Because SF can’t take the world for granted, it’s had to develop techniques for doing it. There’s the simple infodump, which Neal Stephenson has raised to an artform in its own right. There are lots of forms of what I call incluing, scattering pieces of information seamlessly through the text to add up to a big picture. The reader has to remember them and connect them together. This is one of the things some people complain about as “too much hard work” and which I think is a high form of fun. SF is like a mystery where the world and the history of the world is what’s mysterious, and putting that all together in your mind is as interesting as the characters and the plot, if not more interesting. We talk about worldbuilding as something the writer does, but it’s also something the reader does, building the world from the clues.

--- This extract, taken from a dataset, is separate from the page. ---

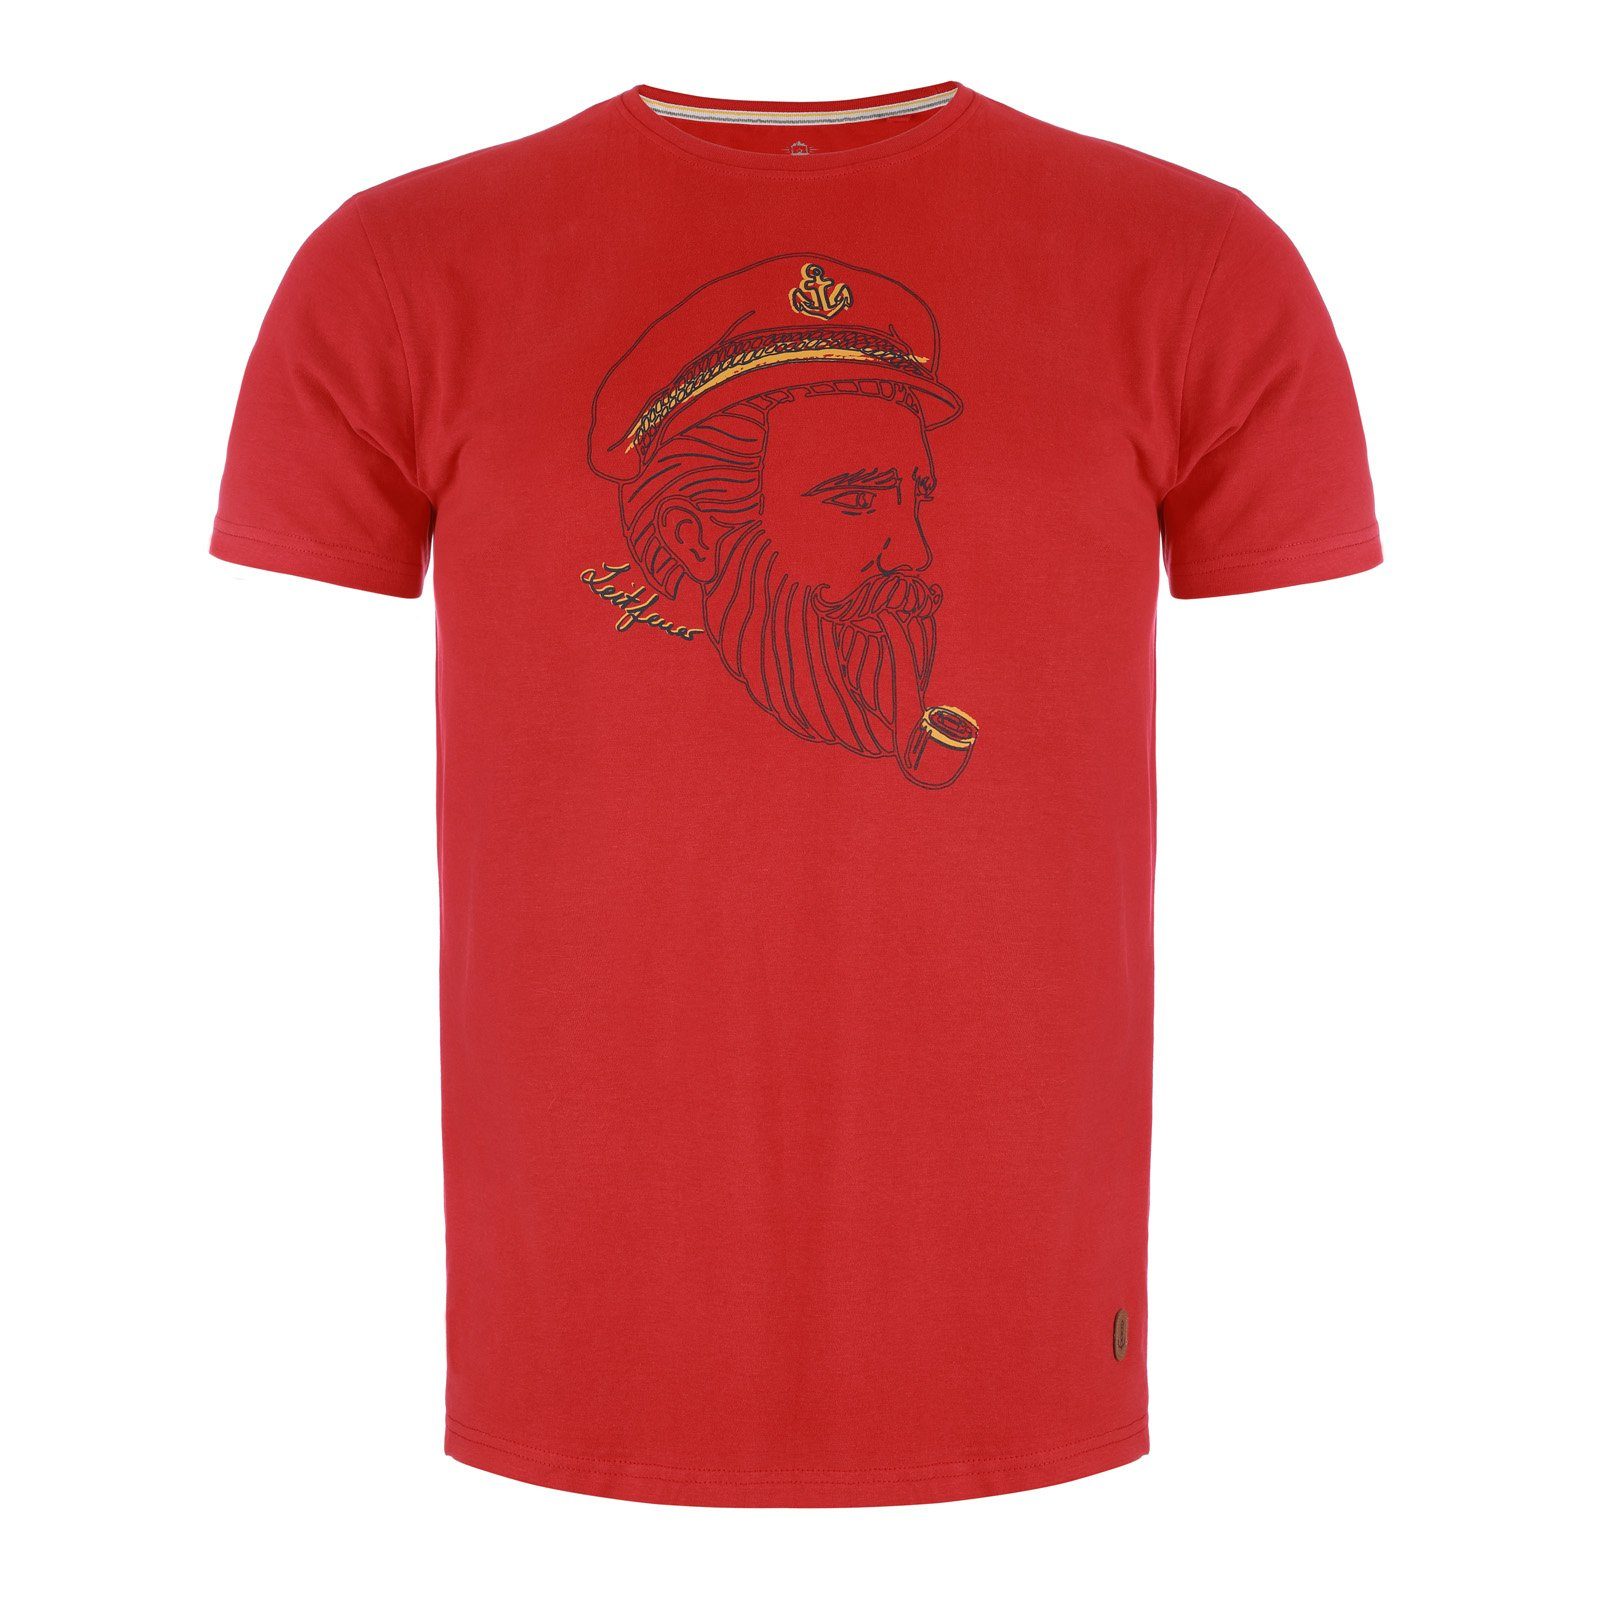 Leitfeuer T-Shirt Herren 1/2 Arm Shirt Rundhals mit Kapitän-Seemann-Print samtig weich rot
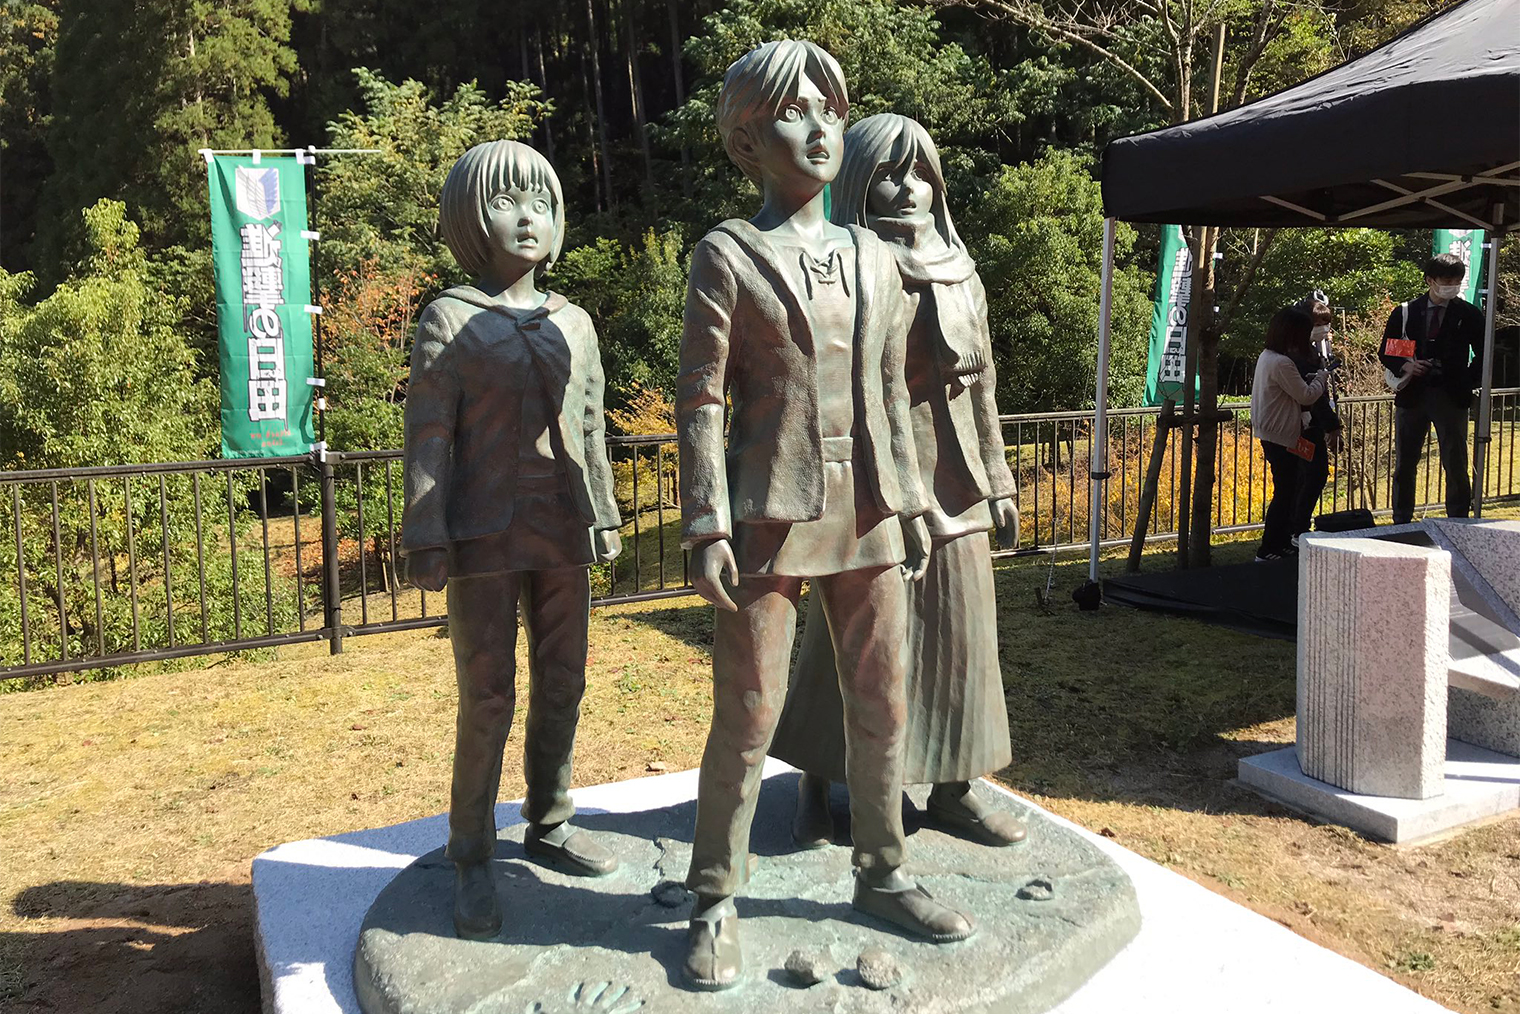 В 2020 году в городе Хита, где родился мангака, были установлены статуи Эрена, Микасы и Армина. Источник: ANN

It always feels a little elitist to engage in special pleading for science fiction’s literary merits, but it really has evolved its own rhetorical and narrative language; this has become much more apparent to me since I started critiquing manuscripts by beginning writers, especially those who’ve come to write science fiction late in their lives, or via television and cinema. It’s often said that the golden age of science fiction is twelve, but I wonder if exposure at a formative age is an essential prerequisite for the ability to parse it – can that “hard work” of decoding the fictional world be taught later in life and still bring the same degree of pleasure it gives to us?

A few years back, I managed to convince some of my public library colleagues to read Geoff Ryman’s Air, and I know a handful of people from the same generation as my parents who enjoy Ballard’s later short fiction, but reliable and universal “gateway drugs” seem hard to find. Have you had any success converting readers to science fiction, and if so, what books or stories did you use to bait the hook?